After his Air Force service, Orr returned to Pasadena where he became a partner in Smith Orr & Associates, a planning and management consulting firm. In 1999, Orr accepted the position of dean at the University of La Verne's School of Business and International Studies. He served as dean the university until June 2002 when he retired as dean emeritus.

In 2005, after working on his dissertation for 14 years, Orr was award a doctor of philosophy degree in politics and public policy from Claremont Graduate University. At the time, he was 88 years old.
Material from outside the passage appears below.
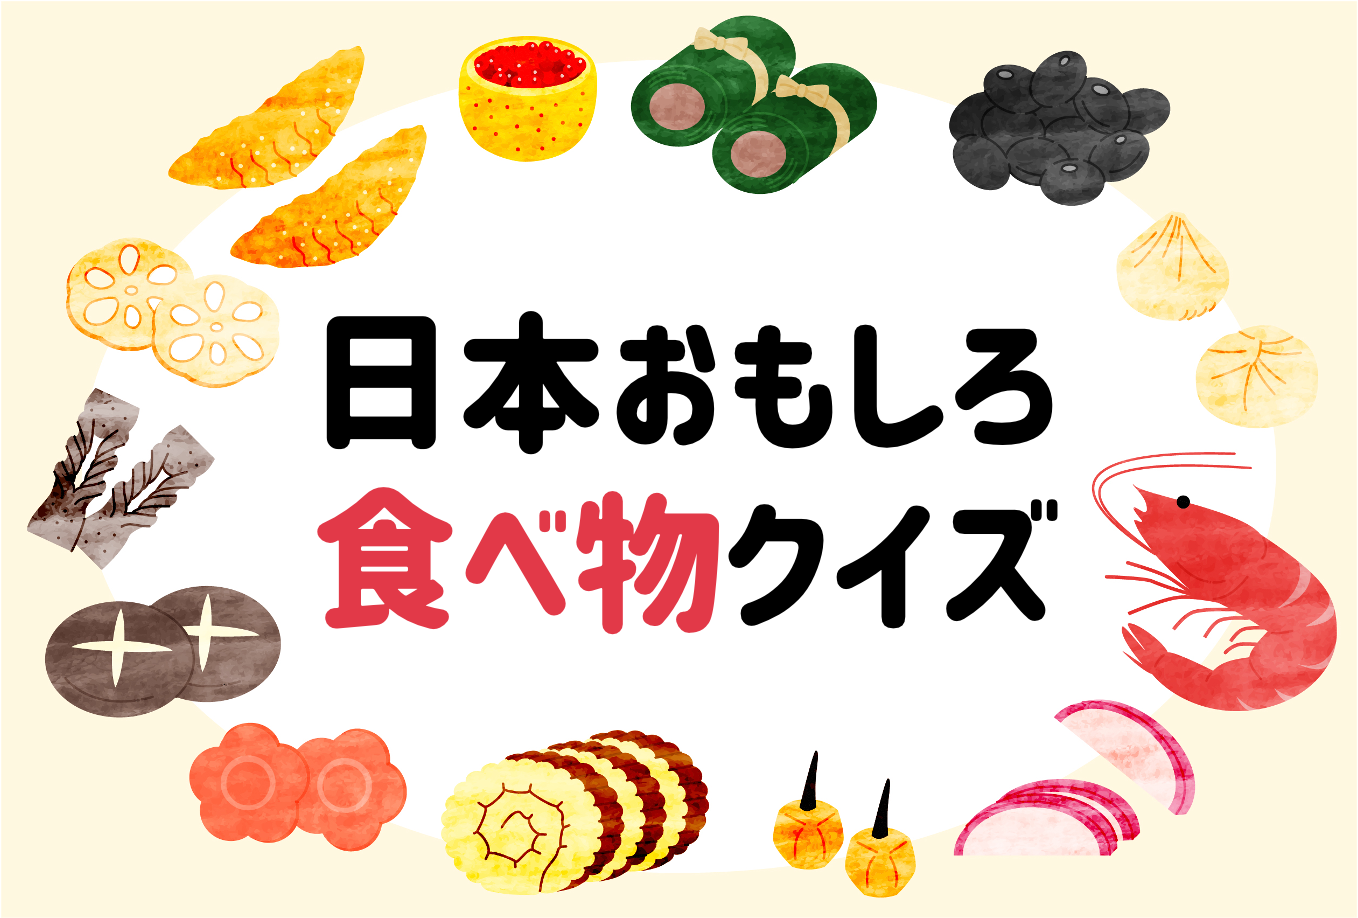 日本おもしろ食べ物クイズ 子供向け 全問 楽しく学べるマルバツ問題 クイズ王国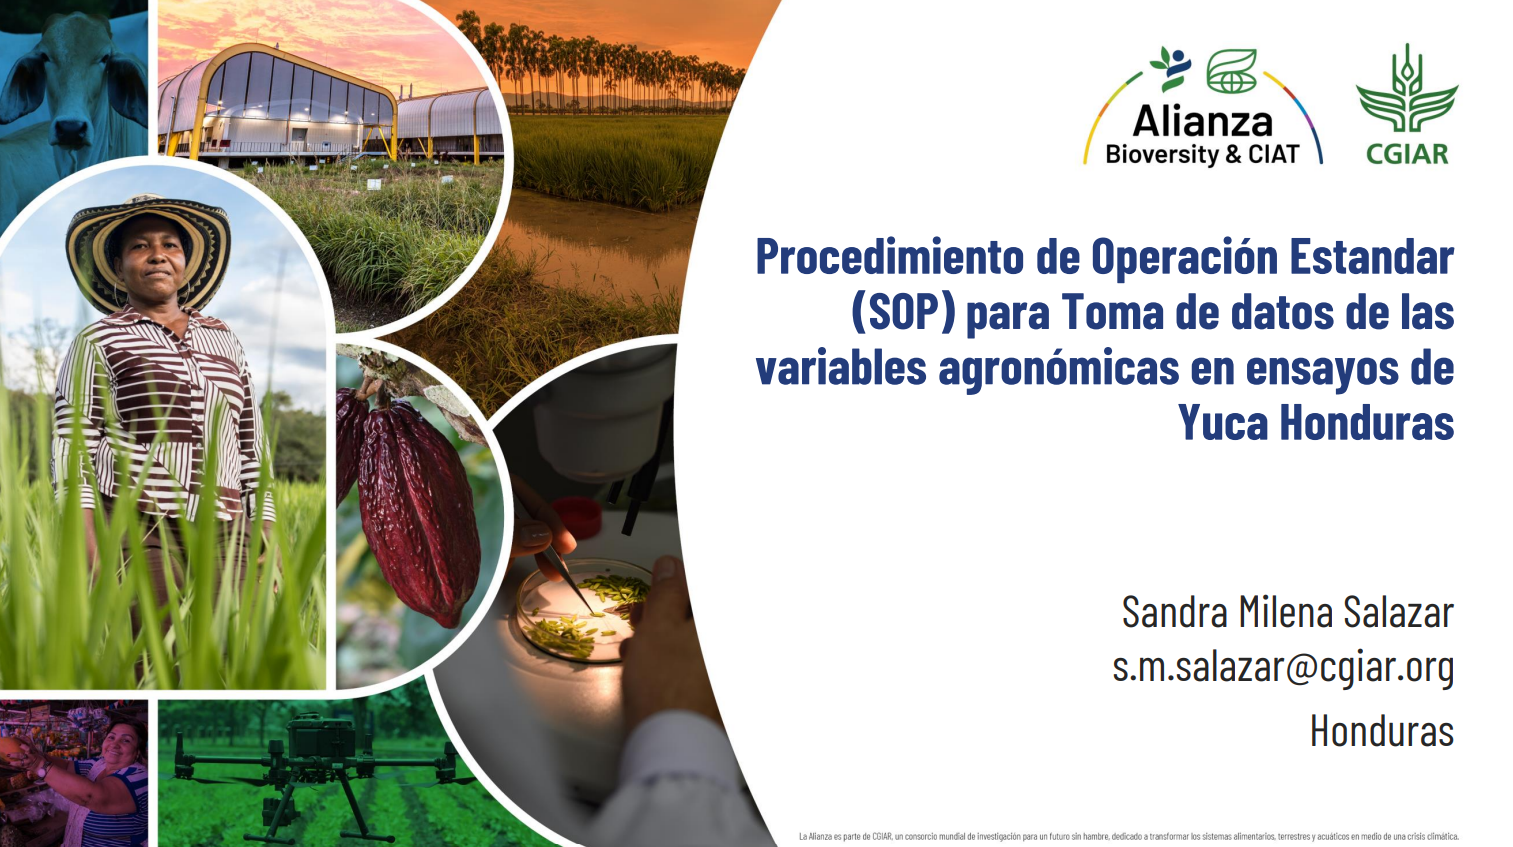 Procedimiento de Operación Estandar (SOP) para toma de datos de las variables agronómicas en ensayos de Yuca Honduras

His doctoral dissertation was on the development of the B-1 bomber, a system he helped to procure as Secretary of the Air Force.

==Legacy==
Orr died on November 27, 2008, at age 92, at his home in Pasadena, California.

Orr has had a long and distinguished career in business, government and education including numerous awards. Orr was honored as Pasadena's Man of the Year in 1970. He has also been Pasadena's Salvation Army Man of the Year, and received Pasadena's Patriot Award. He has served as president of the Pasadena Merchants Association, president of the United Way of Los Angeles County, president of the Kiwanis Club of Pasadena, and president of the Family's Services Association of Pasadena. He is director emeritus of Huntington Memorial Hospital in Pasadena.

At the state level, Orr was a University of California Regent and a Trustee of Scripps College in Claremont, California. He was also a member of the Advisory Council for the Florida A&M University-Florida State University, College of Engineering.

Orr's personal awards includes Department of Defense Distinguished Public Service Medal, United States Army Distinguished Civilian Service Medal, United States Navy Distinguished Public Service Medal, United States Air Force Exceptional Civilian Service Medal, and the Purple Heart.

The University of La Verne has establishment of the Verne Orr Endowed Scholarship Fund. The fund honors Orr's legacy of leadership and service by awarding an annual scholarship to a qualified and deserving student in the university's School of Business and Global Studies.

Each year the United States Air Force Association present the Verne Orr Award. This award recognizes a United States Air Force unit for making the most effective use of its human resources.